Normalization from UNF to 3NF


I keep getting confused trying to normalize this data.

A company makes and sells a product online. There are ten types of Products, each having a code and price.

Their Sales Order department takes customer information (name, address, trimmer product code and purchase quantity) from a simple email posting.

The products are shipped to the customer and the shipments logged into a delivery book, giving customer name and address, shipper (Parcel force, TNT, ANC, Overnite, Royal Mail), date shipped, quantity and product code.

Products are sold on a 30 day return policy, so after one calendar month of shipping an invoice is sent to the customer.
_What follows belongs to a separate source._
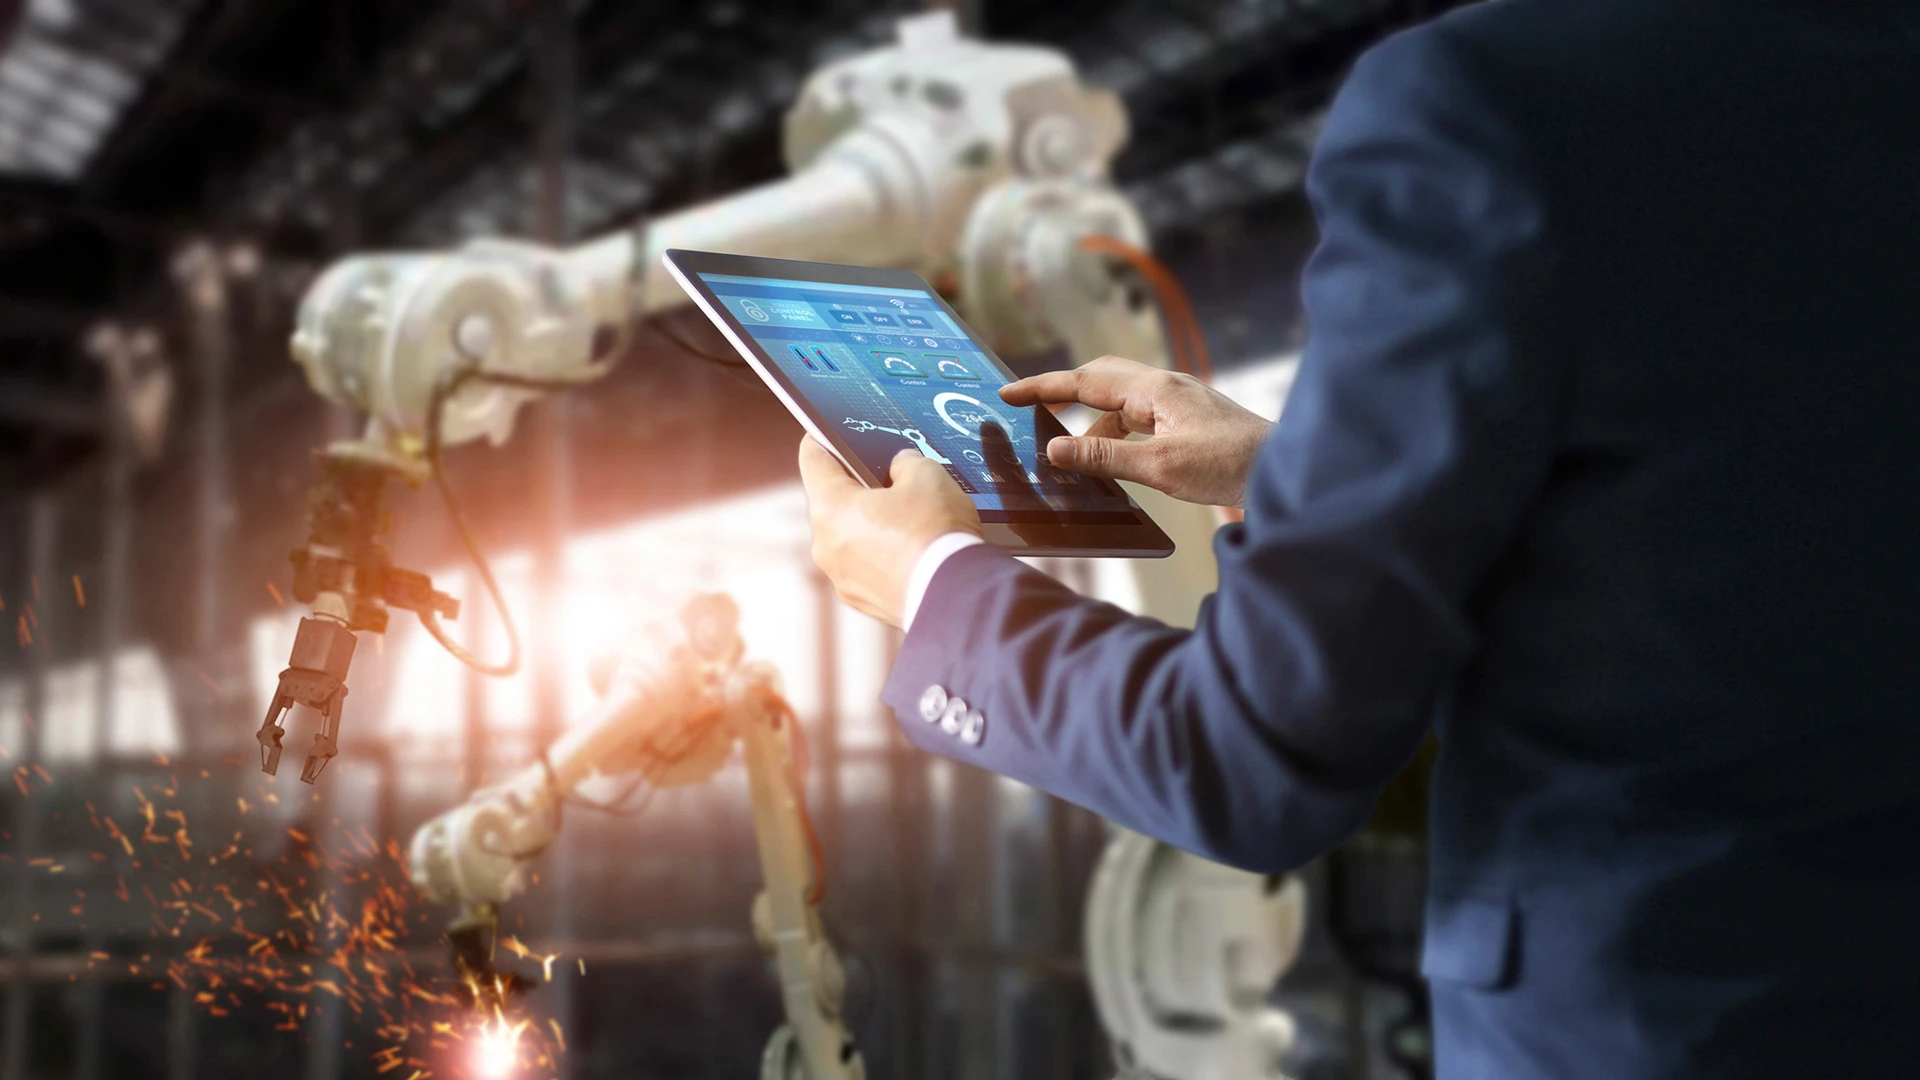 Een persoon op een tablet aan het werk in een slimme fabriek met robotarmen.

The invoice details each product line supplied, unit cost of each line and sub-total, as well as the shipment date and the overall invoice cost (grand total).
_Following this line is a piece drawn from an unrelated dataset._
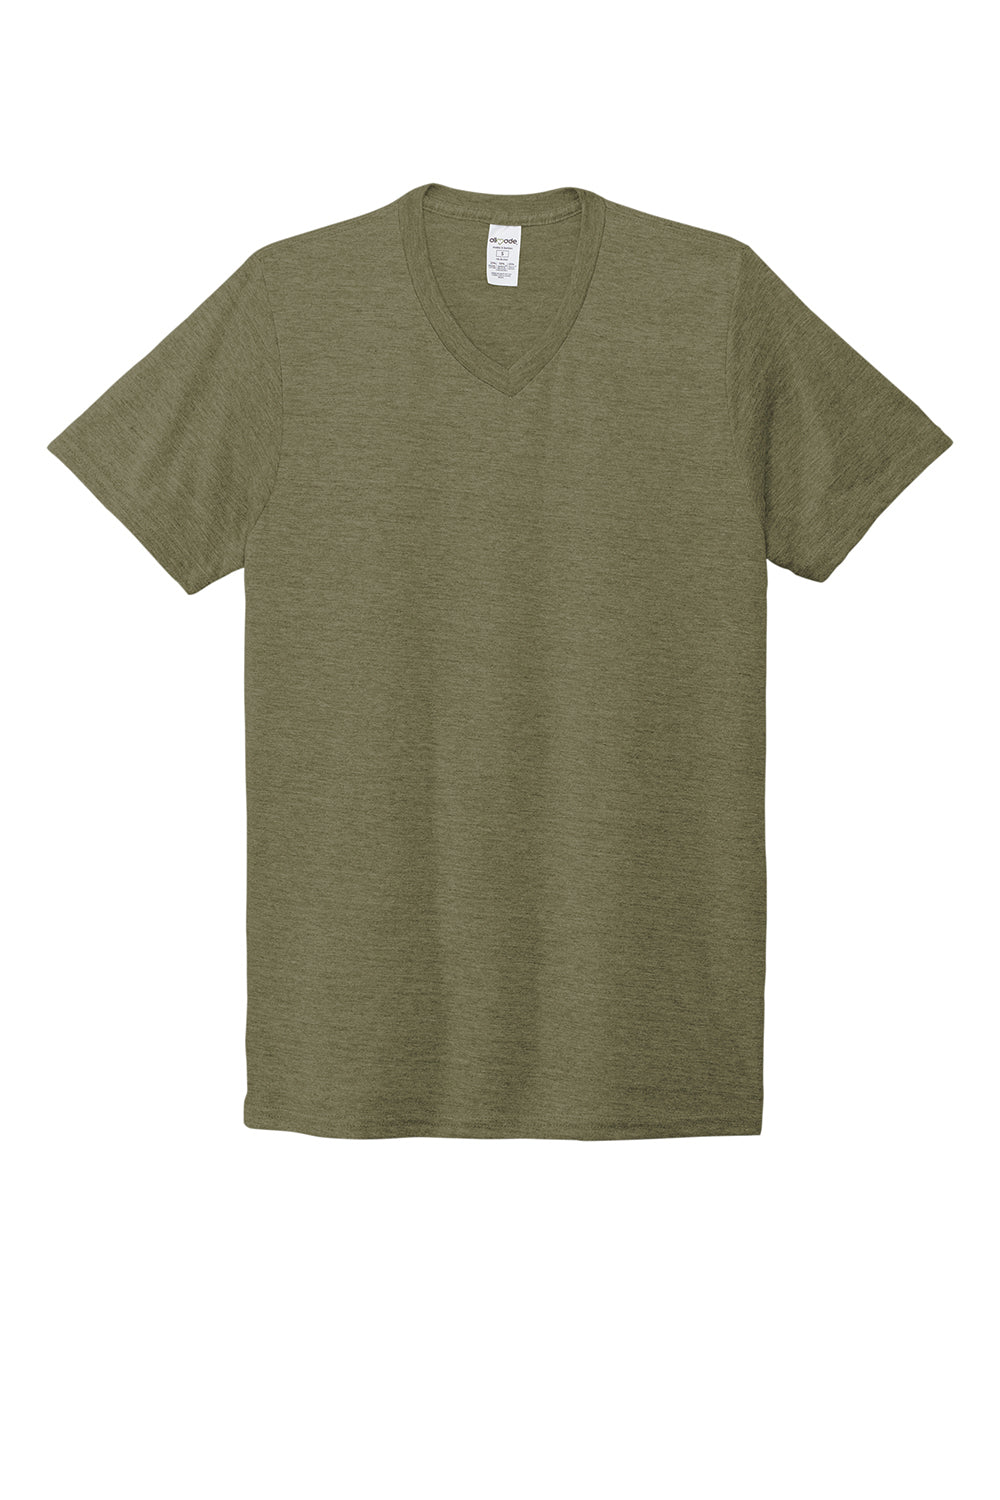 Allmade AL2014 Mens Short Sleeve V-Neck T-Shirt Olive You Green Flat Front

Customer payments (cheque numbers) are logged and matched against a copy of the invoice before banking. Every month the log is searched for outstanding debts and these are compiled into an outstanding invoice report.

So I've created some data to help me understand:
enter image description here

This data has helped me alot when it comes to understanding what I need to do in terms of my final database, but I'm finding normalizing it tricky as I've got so much information. So I came up with this:

enter image description here

I would appreciate it if someone could give me some feedback and advice as this attempt feels wrong.

Best Answer

The simplest way to think about normalizing data is that you want to get to where all the data in the table is either your primary key or dependent on the primary key. It's also important to know how your entities relate to each other, because you'll have a different model for one-to-many versus many-to-many relationships.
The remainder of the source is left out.